**WHAT TO WORK ON:** The data below needs to be returned exactly, line for line.
::::::
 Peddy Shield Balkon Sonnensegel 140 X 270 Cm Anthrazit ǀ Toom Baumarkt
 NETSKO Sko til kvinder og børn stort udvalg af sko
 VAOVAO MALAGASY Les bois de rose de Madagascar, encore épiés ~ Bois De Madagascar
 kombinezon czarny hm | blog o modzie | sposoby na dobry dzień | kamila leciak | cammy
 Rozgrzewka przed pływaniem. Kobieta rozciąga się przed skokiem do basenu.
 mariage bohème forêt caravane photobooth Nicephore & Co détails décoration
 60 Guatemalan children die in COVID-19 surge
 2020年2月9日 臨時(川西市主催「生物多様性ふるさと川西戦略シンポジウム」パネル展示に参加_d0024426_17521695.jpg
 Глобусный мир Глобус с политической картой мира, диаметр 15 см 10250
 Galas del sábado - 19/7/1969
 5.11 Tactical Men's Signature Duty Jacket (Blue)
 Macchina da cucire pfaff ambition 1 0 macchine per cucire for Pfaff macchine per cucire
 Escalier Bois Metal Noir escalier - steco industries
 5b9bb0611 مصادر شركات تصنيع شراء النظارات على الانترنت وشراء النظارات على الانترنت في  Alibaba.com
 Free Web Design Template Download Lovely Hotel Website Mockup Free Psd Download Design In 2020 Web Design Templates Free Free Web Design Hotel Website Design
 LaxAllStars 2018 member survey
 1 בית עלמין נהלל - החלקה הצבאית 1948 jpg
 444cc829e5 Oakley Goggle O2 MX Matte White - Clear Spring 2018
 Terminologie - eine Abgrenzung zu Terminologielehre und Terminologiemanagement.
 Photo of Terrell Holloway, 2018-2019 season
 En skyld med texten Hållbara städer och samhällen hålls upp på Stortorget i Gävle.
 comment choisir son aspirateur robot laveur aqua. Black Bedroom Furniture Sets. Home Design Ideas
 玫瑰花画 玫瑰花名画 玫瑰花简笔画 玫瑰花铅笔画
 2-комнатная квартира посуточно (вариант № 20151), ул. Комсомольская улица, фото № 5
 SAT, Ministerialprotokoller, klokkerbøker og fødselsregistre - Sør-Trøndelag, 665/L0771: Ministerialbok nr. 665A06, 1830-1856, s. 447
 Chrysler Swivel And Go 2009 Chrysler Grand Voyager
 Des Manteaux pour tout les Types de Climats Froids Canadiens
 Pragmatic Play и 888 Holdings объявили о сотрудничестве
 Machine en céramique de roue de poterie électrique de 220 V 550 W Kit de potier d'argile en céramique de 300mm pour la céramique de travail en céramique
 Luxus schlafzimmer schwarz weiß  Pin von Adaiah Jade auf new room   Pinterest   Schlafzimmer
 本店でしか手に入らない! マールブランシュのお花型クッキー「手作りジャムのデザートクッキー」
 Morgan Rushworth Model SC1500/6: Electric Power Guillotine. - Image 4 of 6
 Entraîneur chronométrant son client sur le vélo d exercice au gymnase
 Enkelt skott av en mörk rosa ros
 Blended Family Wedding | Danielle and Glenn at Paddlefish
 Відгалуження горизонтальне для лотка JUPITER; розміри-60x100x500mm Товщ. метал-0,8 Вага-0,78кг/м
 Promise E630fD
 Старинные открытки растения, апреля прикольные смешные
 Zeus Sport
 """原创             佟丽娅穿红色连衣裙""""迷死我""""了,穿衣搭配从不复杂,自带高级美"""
::::::
**EXERCISE ANSWER:**
 Peddy Shield Balkon Sonnensegel 140 X 270 Cm Anthrazit ǀ Toom Baumarkt
 NETSKO Sko til kvinder og børn stort udvalg af sko
 VAOVAO MALAGASY Les bois de rose de Madagascar, encore épiés ~ Bois De Madagascar
 kombinezon czarny hm | blog o modzie | sposoby na dobry dzień | kamila leciak | cammy
 Rozgrzewka przed pływaniem. Kobieta rozciąga się przed skokiem do basenu.
 mariage bohème forêt caravane photobooth Nicephore & Co détails décoration
 60 Guatemalan children die in COVID-19 surge
 2020年2月9日 臨時(川西市主催「生物多様性ふるさと川西戦略シンポジウム」パネル展示に参加_d0024426_17521695.jpg
 Глобусный мир Глобус с политической картой мира, диаметр 15 см 10250
 Galas del sábado - 19/7/1969
 5.11 Tactical Men's Signature Duty Jacket (Blue)
 Macchina da cucire pfaff ambition 1 0 macchine per cucire for Pfaff macchine per cucire
 Escalier Bois Metal Noir escalier - steco industries
 5b9bb0611 مصادر شركات تصنيع شراء النظارات على الانترنت وشراء النظارات على الانترنت في  Alibaba.com
 Free Web Design Template Download Lovely Hotel Website Mockup Free Psd Download Design In 2020 Web Design Templates Free Free Web Design Hotel Website Design
 LaxAllStars 2018 member survey
 1 בית עלמין נהלל - החלקה הצבאית 1948 jpg
 444cc829e5 Oakley Goggle O2 MX Matte White - Clear Spring 2018
 Terminologie - eine Abgrenzung zu Terminologielehre und Terminologiemanagement.
 Photo of Terrell Holloway, 2018-2019 season
 En skyld med texten Hållbara städer och samhällen hålls upp på Stortorget i Gävle.
 comment choisir son aspirateur robot laveur aqua. Black Bedroom Furniture Sets. Home Design Ideas
 玫瑰花画 玫瑰花名画 玫瑰花简笔画 玫瑰花铅笔画
 2-комнатная квартира посуточно (вариант № 20151), ул. Комсомольская улица, фото № 5
 SAT, Ministerialprotokoller, klokkerbøker og fødselsregistre - Sør-Trøndelag, 665/L0771: Ministerialbok nr. 665A06, 1830-1856, s. 447
 Chrysler Swivel And Go 2009 Chrysler Grand Voyager
 Des Manteaux pour tout les Types de Climats Froids Canadiens
 Pragmatic Play и 888 Holdings объявили о сотрудничестве
 Machine en céramique de roue de poterie électrique de 220 V 550 W Kit de potier d'argile en céramique de 300mm pour la céramique de travail en céramique
 Luxus schlafzimmer schwarz weiß  Pin von Adaiah Jade auf new room   Pinterest   Schlafzimmer
 本店でしか手に入らない! マールブランシュのお花型クッキー「手作りジャムのデザートクッキー」
 Morgan Rushworth Model SC1500/6: Electric Power Guillotine. - Image 4 of 6
 Entraîneur chronométrant son client sur le vélo d exercice au gymnase
 Enkelt skott av en mörk rosa ros
 Blended Family Wedding | Danielle and Glenn at Paddlefish
 Відгалуження горизонтальне для лотка JUPITER; розміри-60x100x500mm Товщ. метал-0,8 Вага-0,78кг/м
 Promise E630fD
 Старинные открытки растения, апреля прикольные смешные
 Zeus Sport
 """原创             佟丽娅穿红色连衣裙""""迷死我""""了,穿衣搭配从不复杂,自带高级美"""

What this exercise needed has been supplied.